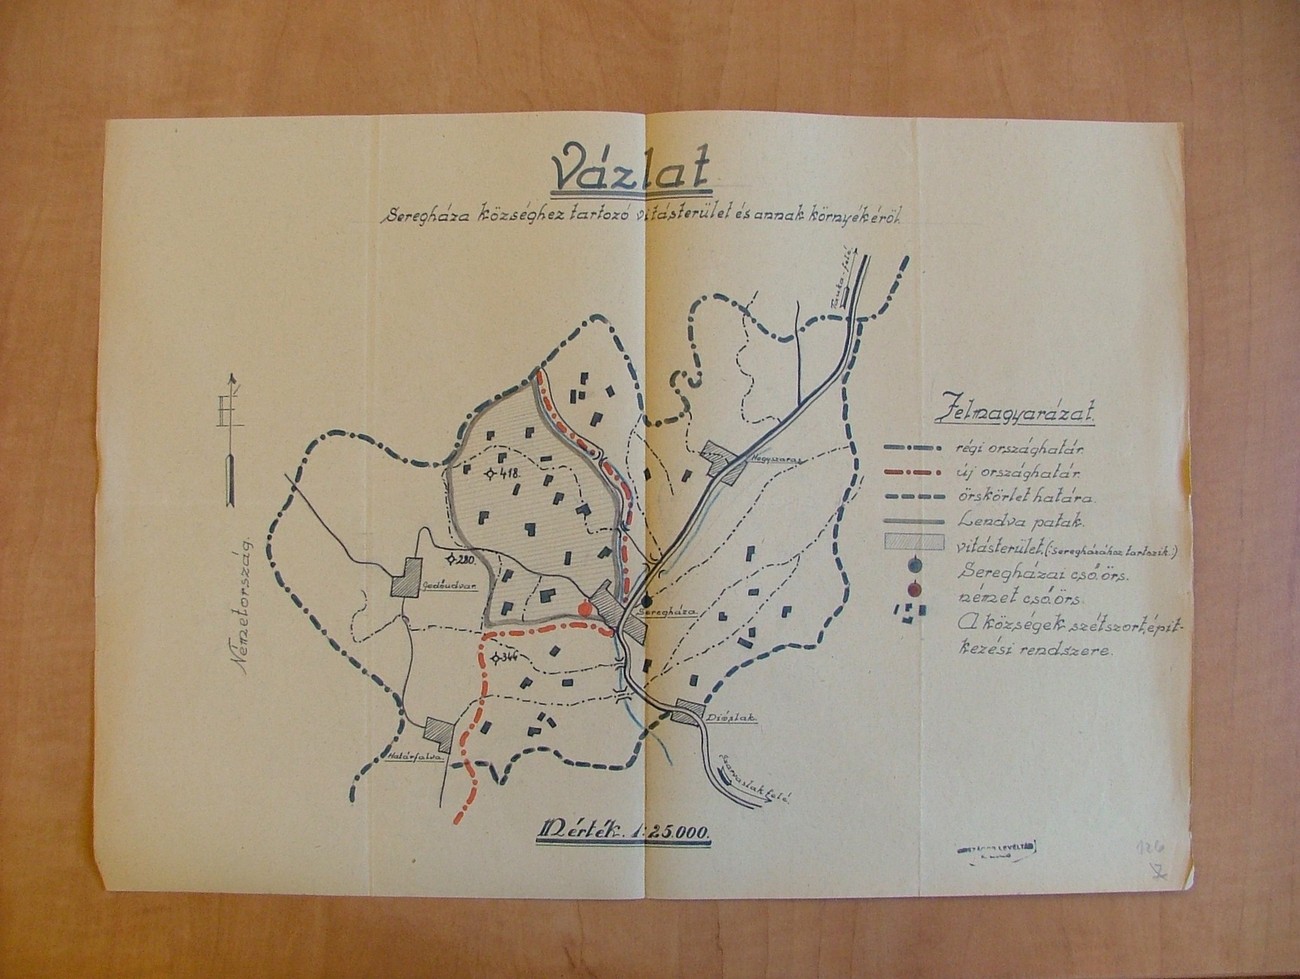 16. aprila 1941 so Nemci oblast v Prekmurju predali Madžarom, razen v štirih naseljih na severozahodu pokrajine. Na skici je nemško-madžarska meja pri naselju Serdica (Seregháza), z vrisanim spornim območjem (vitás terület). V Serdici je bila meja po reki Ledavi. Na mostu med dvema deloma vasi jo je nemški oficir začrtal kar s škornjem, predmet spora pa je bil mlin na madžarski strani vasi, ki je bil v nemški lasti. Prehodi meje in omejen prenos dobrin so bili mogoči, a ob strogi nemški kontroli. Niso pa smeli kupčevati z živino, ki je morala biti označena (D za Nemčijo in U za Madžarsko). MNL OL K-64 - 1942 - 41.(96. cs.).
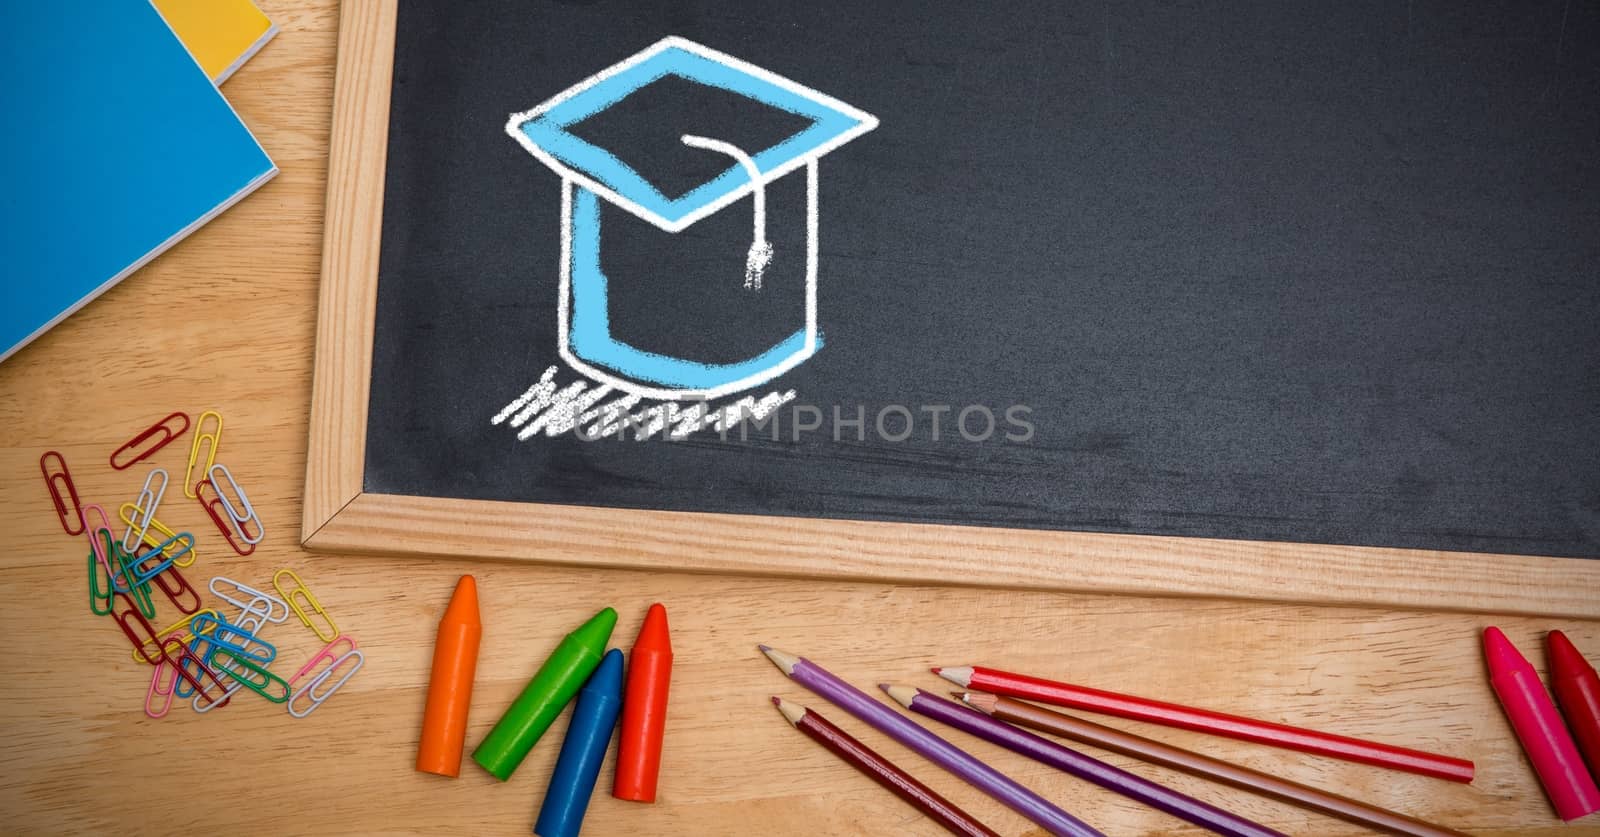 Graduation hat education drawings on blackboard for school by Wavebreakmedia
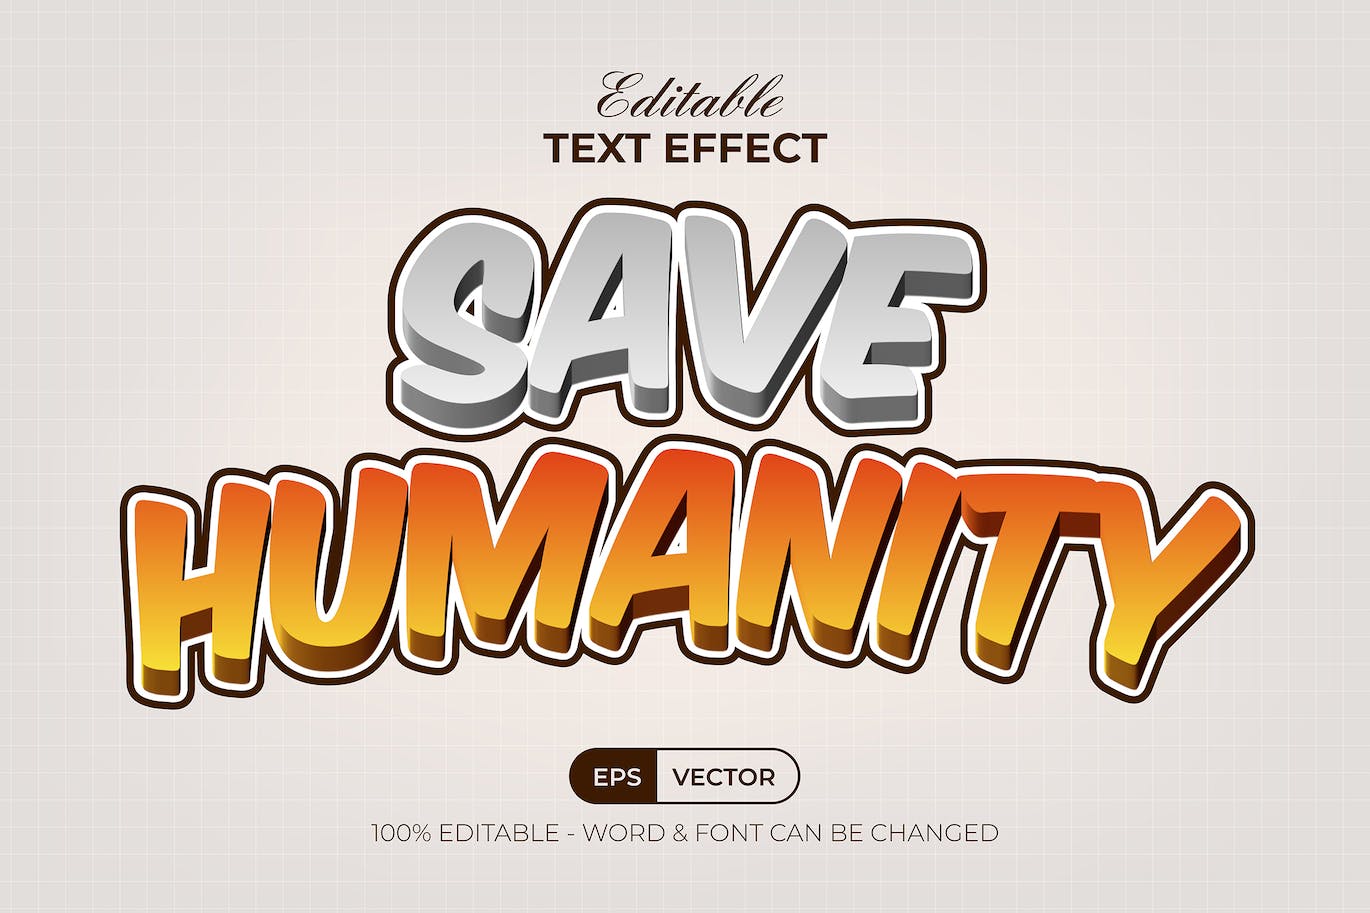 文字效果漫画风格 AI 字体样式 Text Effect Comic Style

#### [Work instructions]
Copy out the whole listing word for word, except for any picture it includes.

#### [Expected answer]
 16. aprila 1941 so Nemci oblast v Prekmurju predali Madžarom, razen v štirih naseljih na severozahodu pokrajine. Na skici je nemško-madžarska meja pri naselju Serdica (Seregháza), z vrisanim spornim območjem (vitás terület). V Serdici je bila meja po reki Ledavi. Na mostu med dvema deloma vasi jo je nemški oficir začrtal kar s škornjem, predmet spora pa je bil mlin na madžarski strani vasi, ki je bil v nemški lasti. Prehodi meje in omejen prenos dobrin so bili mogoči, a ob strogi nemški kontroli. Niso pa smeli kupčevati z živino, ki je morala biti označena (D za Nemčijo in U za Madžarsko). MNL OL K-64 - 1942 - 41.(96. cs.).
 Graduation hat education drawings on blackboard for school by Wavebreakmedia
 文字效果漫画风格 AI 字体样式 Text Effect Comic Style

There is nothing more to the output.